All of the data below is to be repeated exactly, except for the pictures.

* _DATA BLOCK_:
■ ■ ■

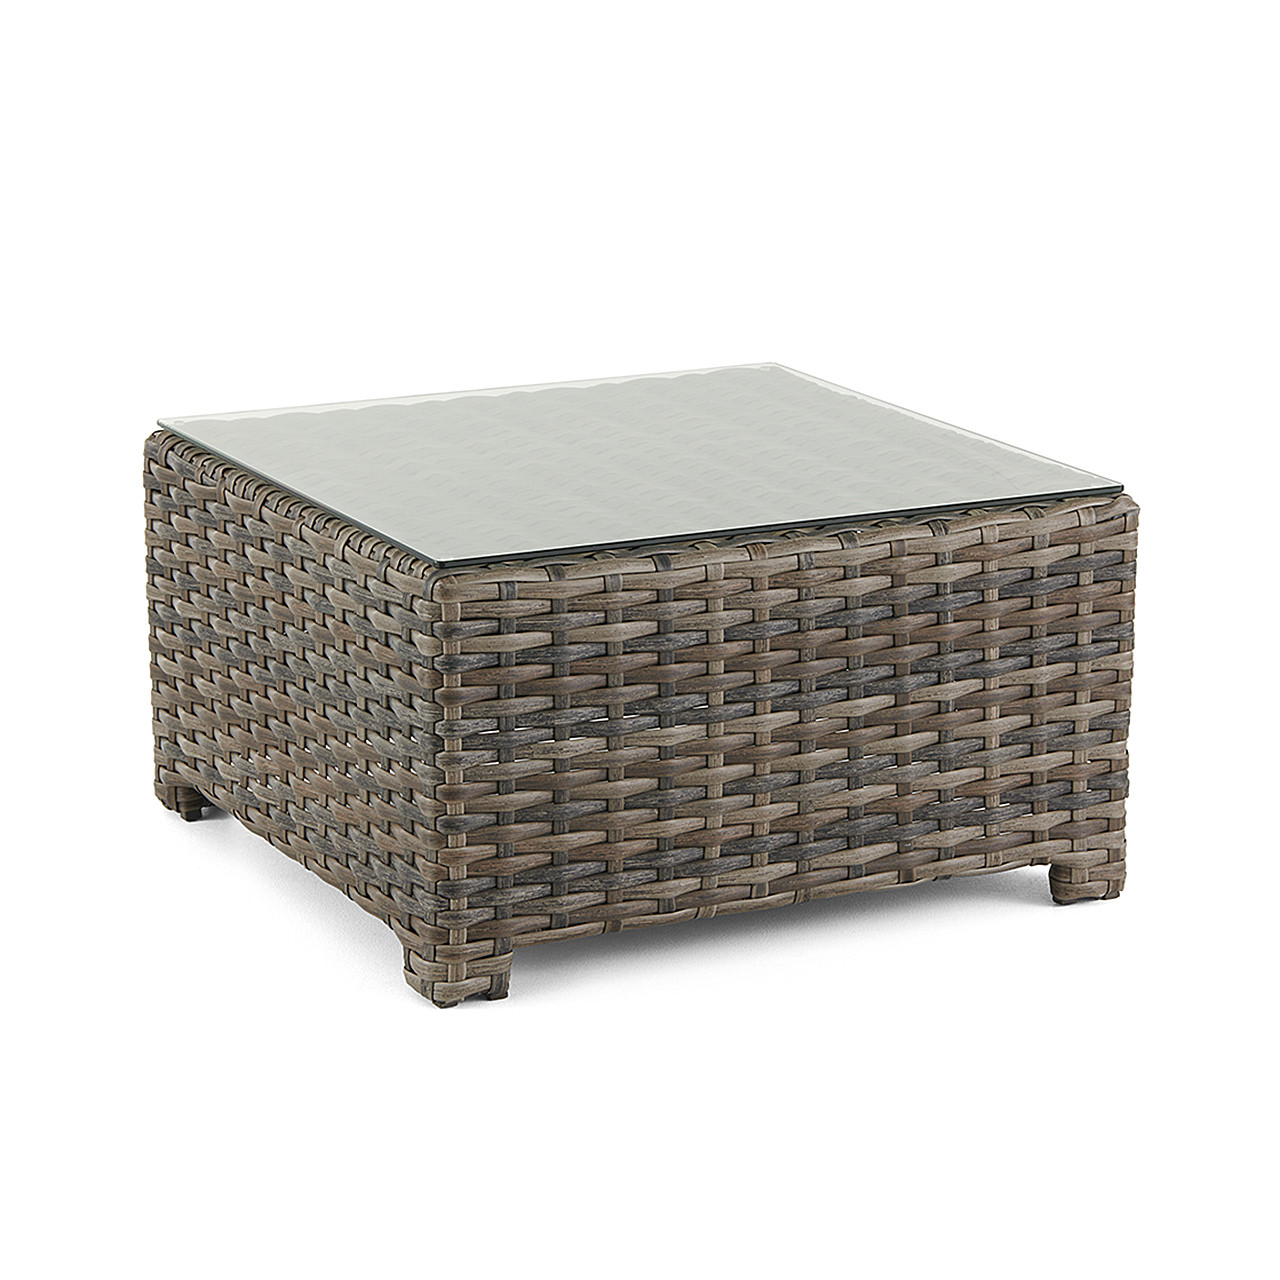 Contempo Husk Outdoor Wicker with Cushions 3 Piece Swivel Sofa Group + 32 in. Sq. Glass Top Coffee Table
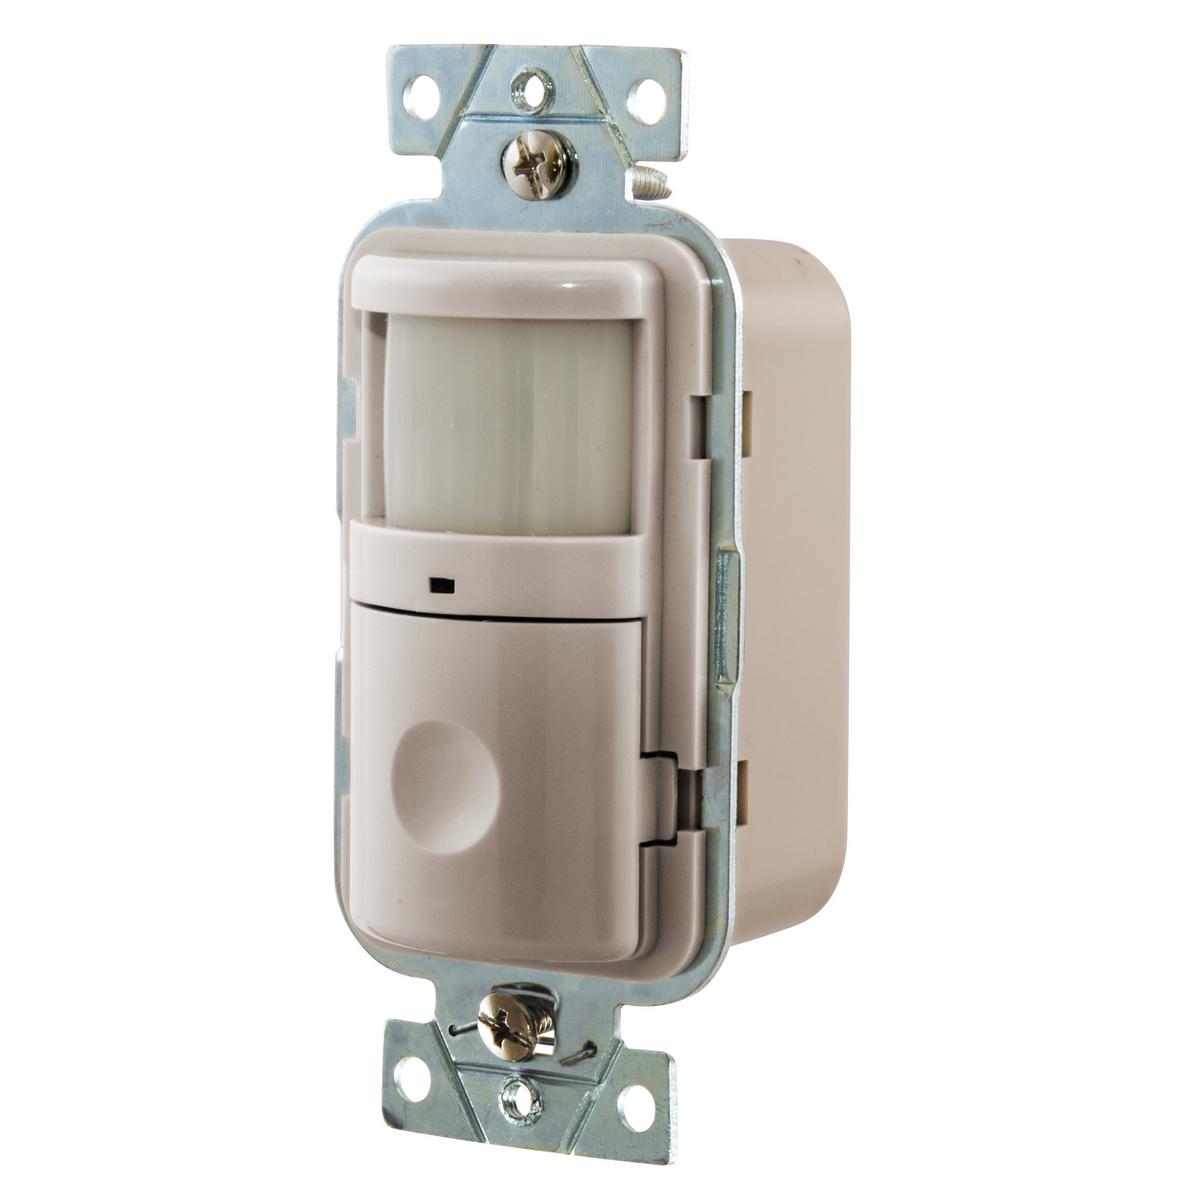 Hubbell WS2000LA Lighting Controls, Occupancy/Vacancy Sensors, Wall Switch, Passive Infrared Technology, 120/277V AC, Light Almond  ; Designed for use on 120 or 277V AC circuits, no neutral required, fast retrofits. Built in photocell prevents lights from turning ON with 
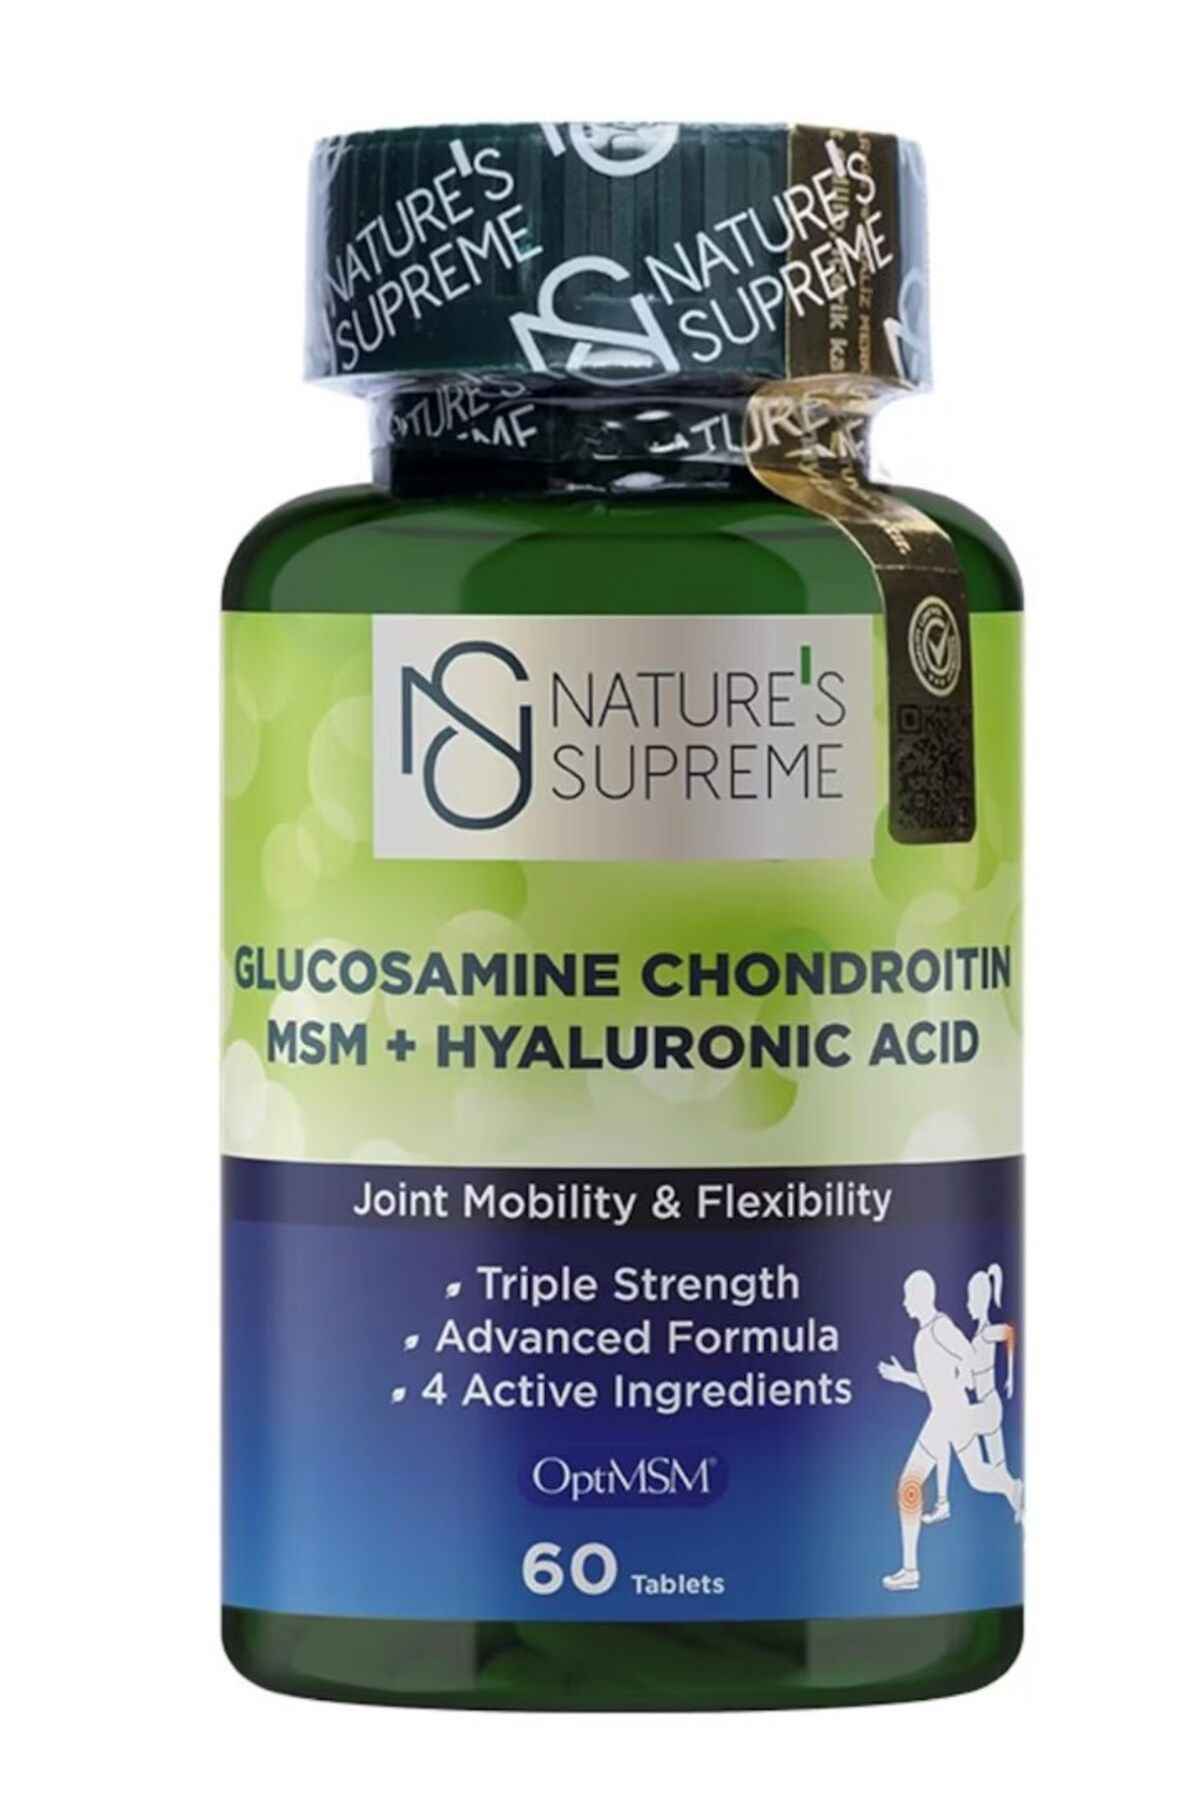 Natures Supreme Glucosamine Chondroitin MSM + Hyaluronic Acid 60 Tablet

■ ■ ■

* _RESULT OF THE TASK_:
 Contempo Husk Outdoor Wicker with Cushions 3 Piece Swivel Sofa Group + 32 in. Sq. Glass Top Coffee Table
 Hubbell WS2000LA Lighting Controls, Occupancy/Vacancy Sensors, Wall Switch, Passive Infrared Technology, 120/277V AC, Light Almond  ; Designed for use on 120 or 277V AC circuits, no neutral required, fast retrofits. Built in photocell prevents lights from turning ON with 
 Natures Supreme Glucosamine Chondroitin MSM + Hyaluronic Acid 60 Tablet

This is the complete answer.